I came to the conclusion
that we are discussing the wrong problem. New gTLD will not help decreasing the
pressure on .com - to the contrary, it will only make it more valuable and searched
for. There is plenty of room left with .net and .org and several ccTLDs are used
for specific purposes like .tv but the demand is not important.
The problem are
the net addressing chaos and trade marks.
Marks can only be solved through "additional
property" : since you cannont register a mark+TLD as a trade mark, you must register
a TLD together whith a mark for it to be protected under that TLD.
Chaos comes
from two pleas: the cybersquatters and the national authorities too drastic rules
for national domain name allocations. Think about the dramatic impact on all our
problems of an inability to transfer domain names. You should cancel them first,
unless the new owner is an affiliate of the former owner. Like some countries do.
End of cybersquatting.
Today we cannot do this, but we can:
- work out
patches : new gTLDs, rules, etc... i.e. what we plan
- work on a new more
reasonable approach. The ".sys" gTLD solution I propose is an example.
Commercial
network, lines of product, services are trying to build public recognition on semantic
logics. If I have devised a new publishing concept named "abc" I will use it for
"abc flowers", "abc cars", "abc homes", etc... If I head the XYZ company I will have
XYZ USA, XYZ UK, XYZ France, XYZ Japan, etc... If I develop a control network for
the New York traffic lights I will want DNs built as NYtrafficlight-01000, etc...

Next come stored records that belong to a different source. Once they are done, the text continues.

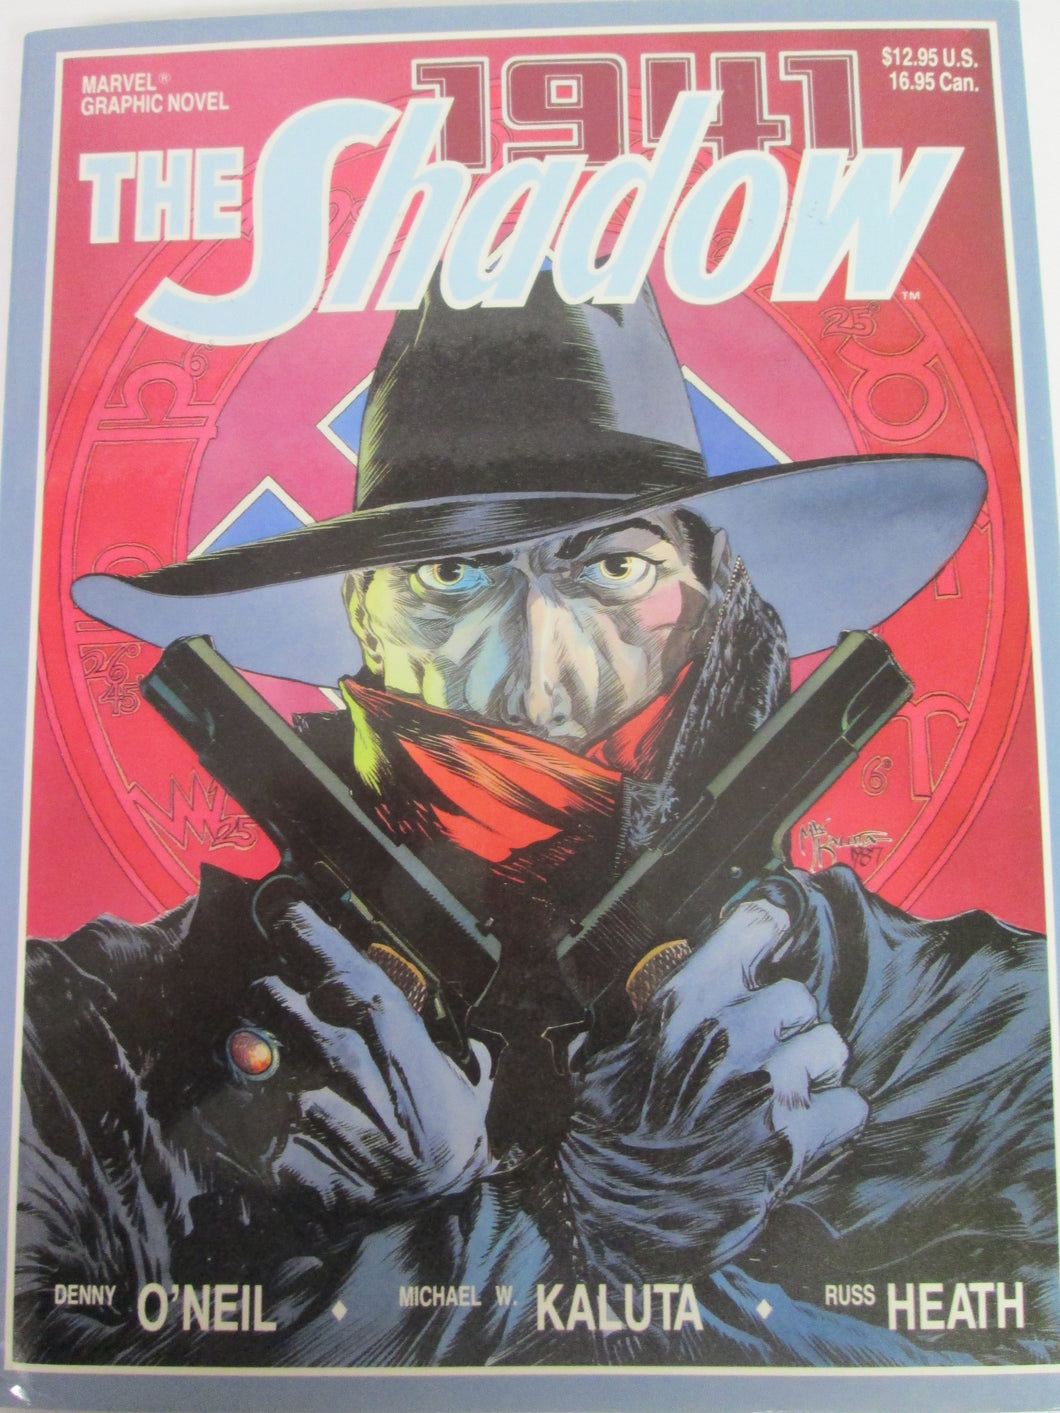 The Shadow 1941 Marvel Graphic Novel by Denny O'Neil, Kaluta & Heath 1988 HC
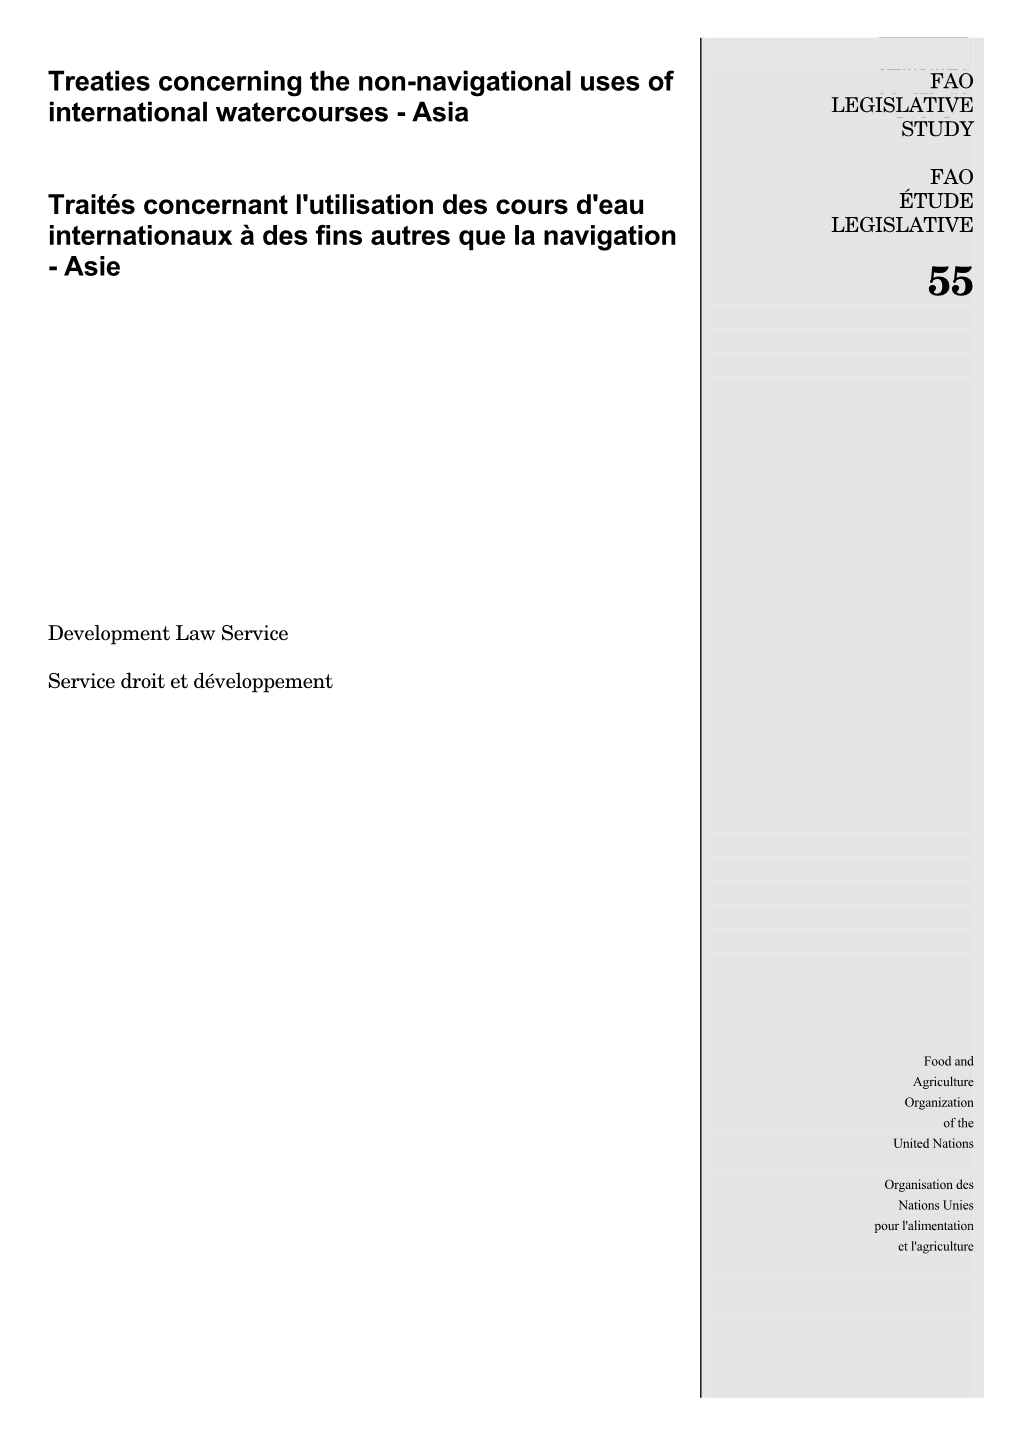 Treaties Concerning the Non-Navigational Uses of FAO International Watercourses - Asia LEGISLATIVE STUDY
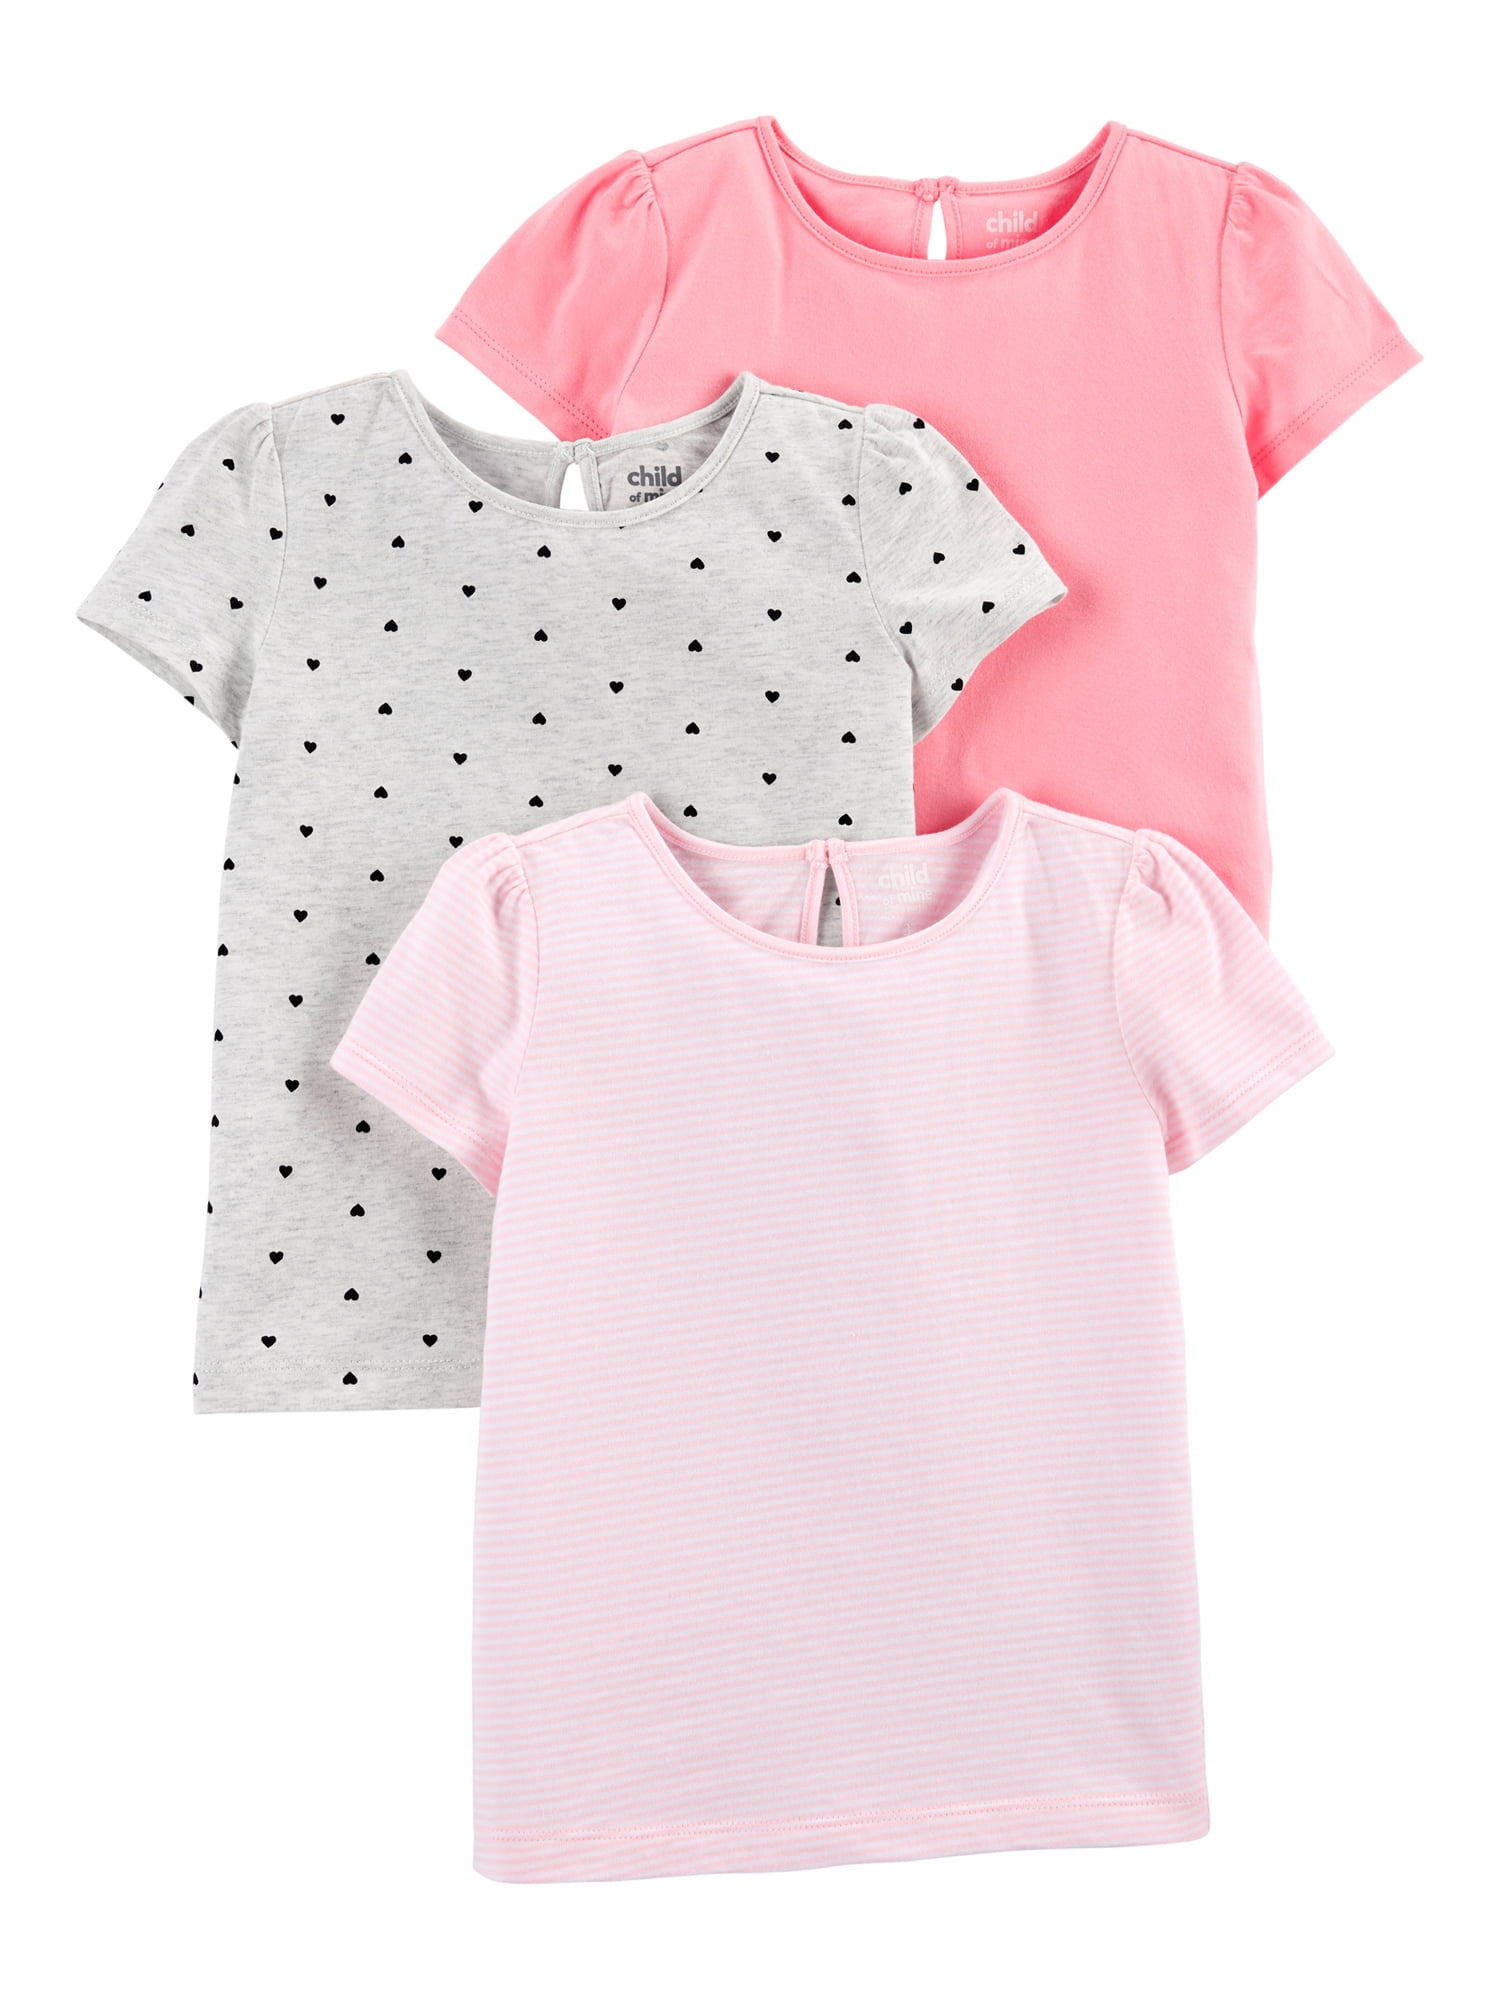 12-18-24-2T-3T-4T-5T BabyGap Infant Toddler Girl Long Sleeve Cotton Shirt Top 
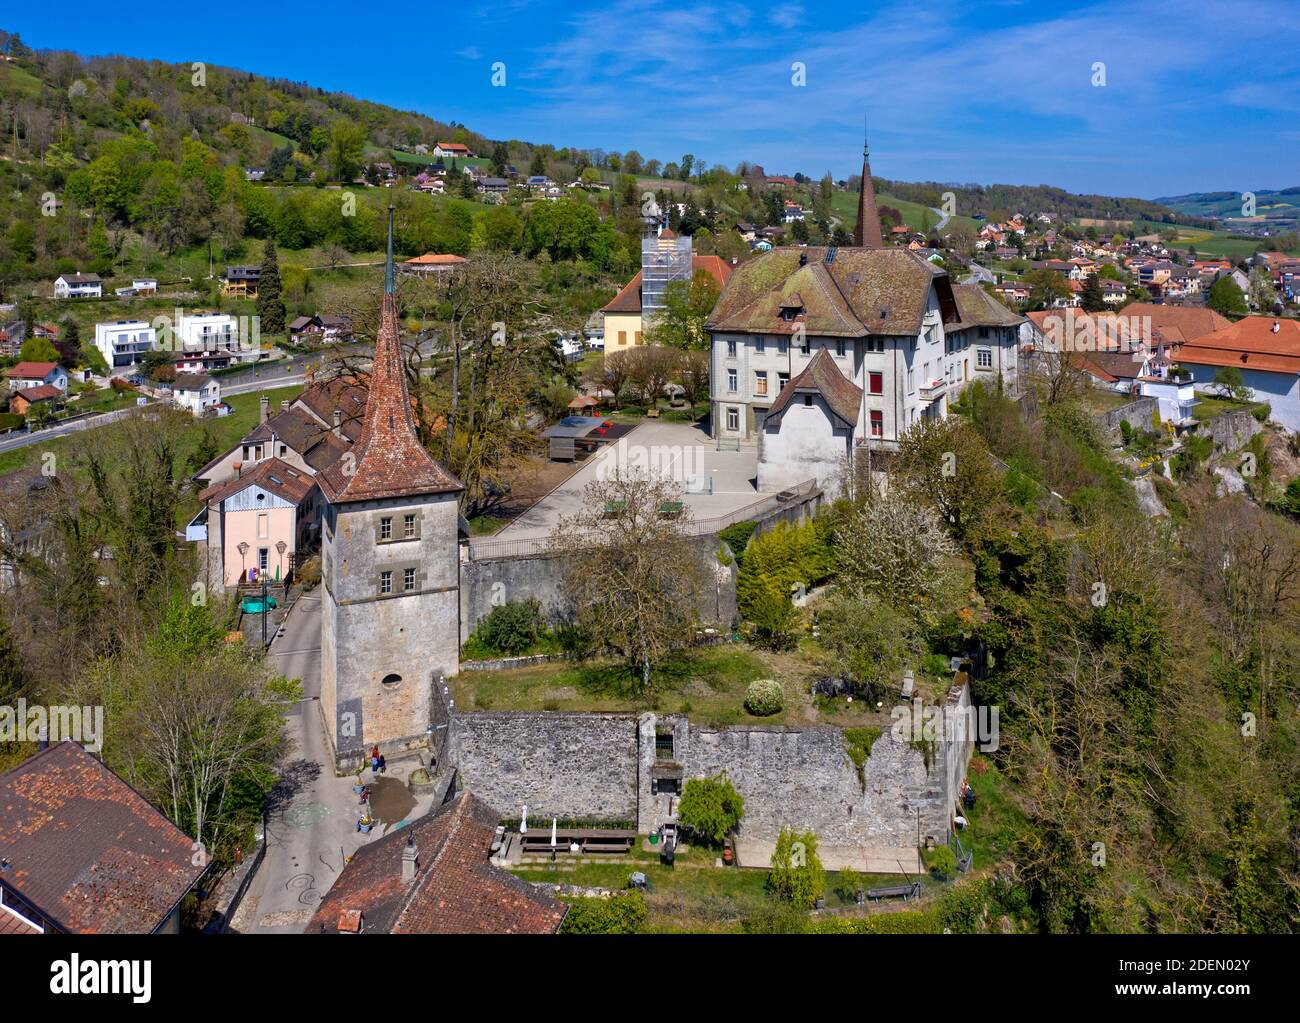 Schloss Carrouge, Chateau de Carrouge, mit mittelalterlichem Wachturm, Oberstadt Le Bourg, Moudon, Kanton Waadt, Schweiz / Carrouge Castle, Chateau de Stock Photo

But today if I register "abc-flowers.com" and "abc-cars.com" a cybersquatter will
register "abc-homes" for $15 and try to sell it back to me for millions. This means
that we do not realy need 1st level additions, but semantic at the 2nd level.
Let
assume we open the ".sys" gTLD in the same way as ".arpa" was opened. Cool. No money
push/conflict/problem/discount because managed as a non profit organisation under
ICANN control. No rush because it would only be allocated on a format basis, i.e.
you could register "abc***.sys" only if you already have registered 100 "abc---.tld"
domain names anywhere in the world, and you would have been the first in doing so
(potential occasional conflicts between formats being ruled the same way).
-
cyberquatters would have to buy and obtain 100 DNs before you!
- peole with
a new idea would only need to invest $ 1500 to protect their concept
- large
companies would have their name protected at zero cost in helping giving ".sys" a
large organization image. Who care if someone owned "xerox.com" if everyone thinks
"large internet system = .sys, i.e. xerox.sys".
BTW, what is the easiest to promote
and to remember?
- http://sales.france.ibm.com and http://sales.uk.ibm.com
-
http://sales.ibm-france.com, http://sales.ibm-uk.com
Anyway with the rule of the
100 DNs, both formula would cohexist to the benefit of the users.
VPN could be
planned without fear and get their logic. The NY Traffic Light control program of
the 2100s could be launched today without fearing cybersquatting, in registering
'NYTLS'-999999.sys with 9 standing for a numeric.
Cost of the format would be
related to the number and the position of the reserved digits and may be to the size
of the owner to help start up and non profit to develop. This would be easy if managed
as a non profit club. This would also help developping virtual systems for joint
project, universities, e-commerce, franchises, etc. to the advantage of the public
and of the network development.
Comments welcome. I would be creating
a working group to dig into this and to formaly propose to set it up.